§ **The task**
Excluding images, repeat the data exactly as given.

═══ Input data ═══

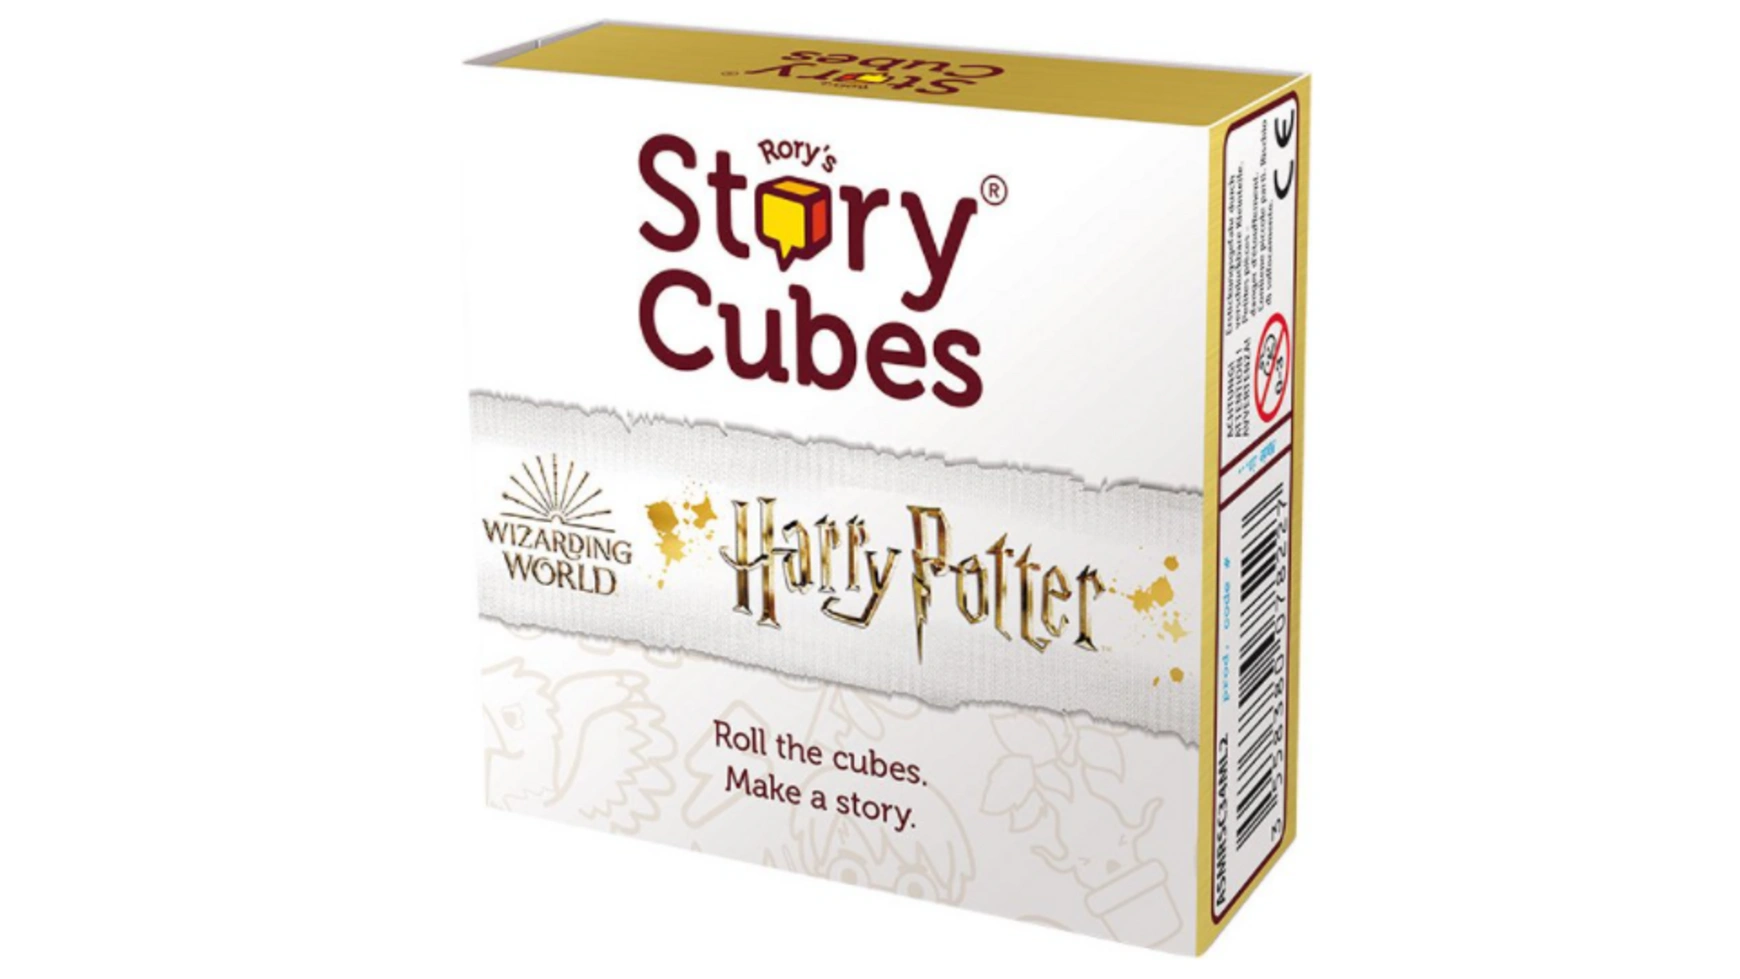 Rorys Story Cubes Кубики историй Рори: Гарри Поттер rubiks кубики историй original
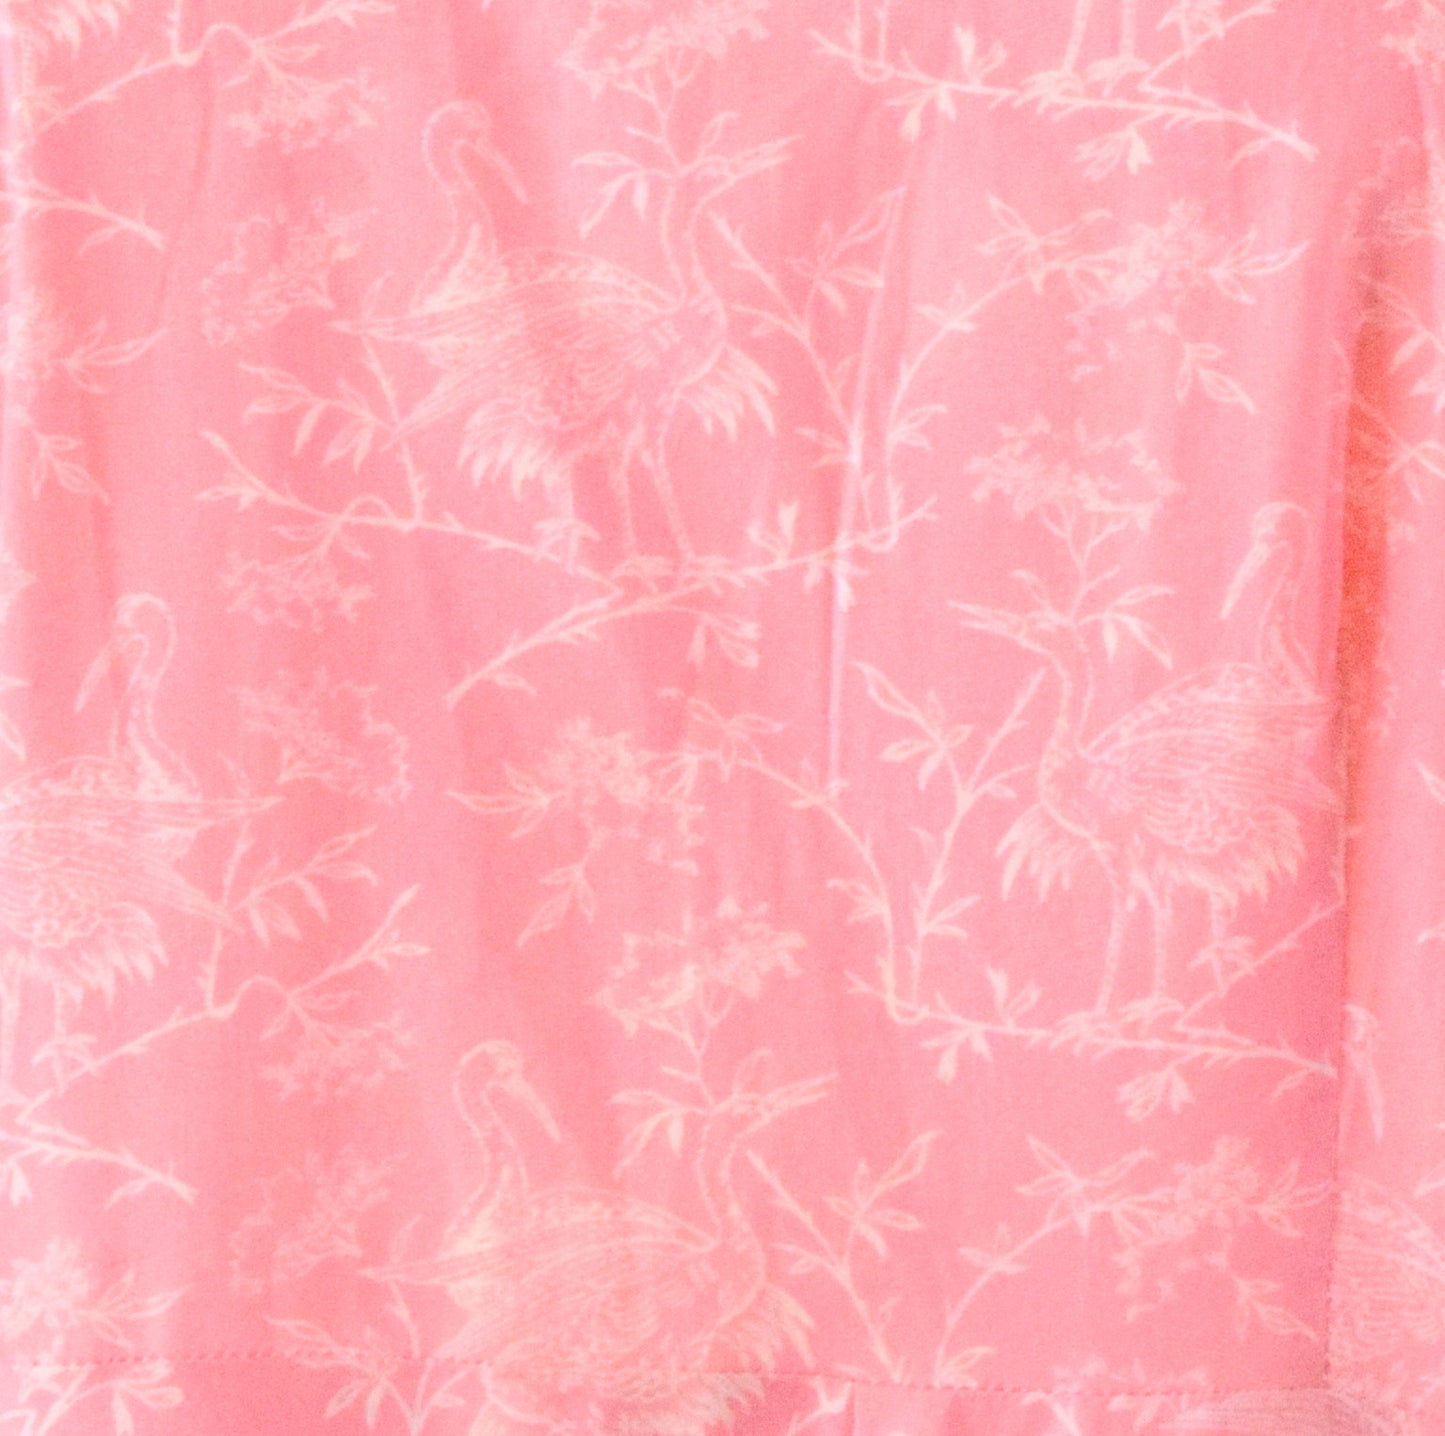 Vintage 1950s Cotton Fit & Flare Dress - Pink & White Bird Print sz 14
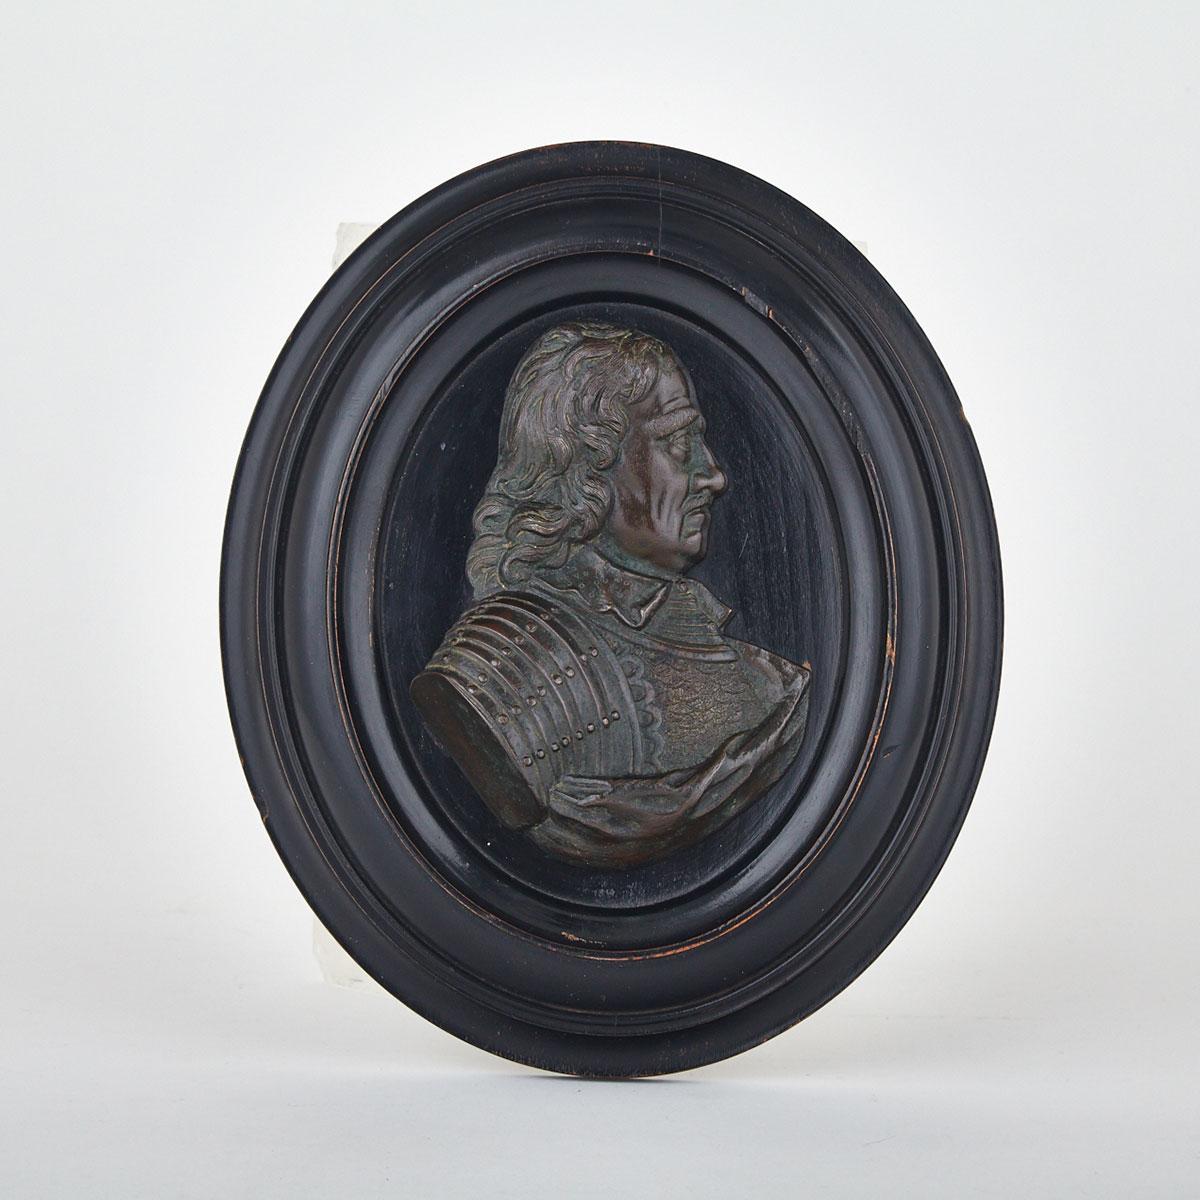 Patinated Bronze Relief Portrait Plaque of a Nobleman, 18th century

═══

§ **Response**
 Rorys Story Cubes Кубики историй Рори: Гарри Поттер rubiks кубики историй original
 Vintage 1950s Cotton Fit & Flare Dress - Pink & White Bird Print sz 14
 Patinated Bronze Relief Portrait Plaque of a Nobleman, 18th century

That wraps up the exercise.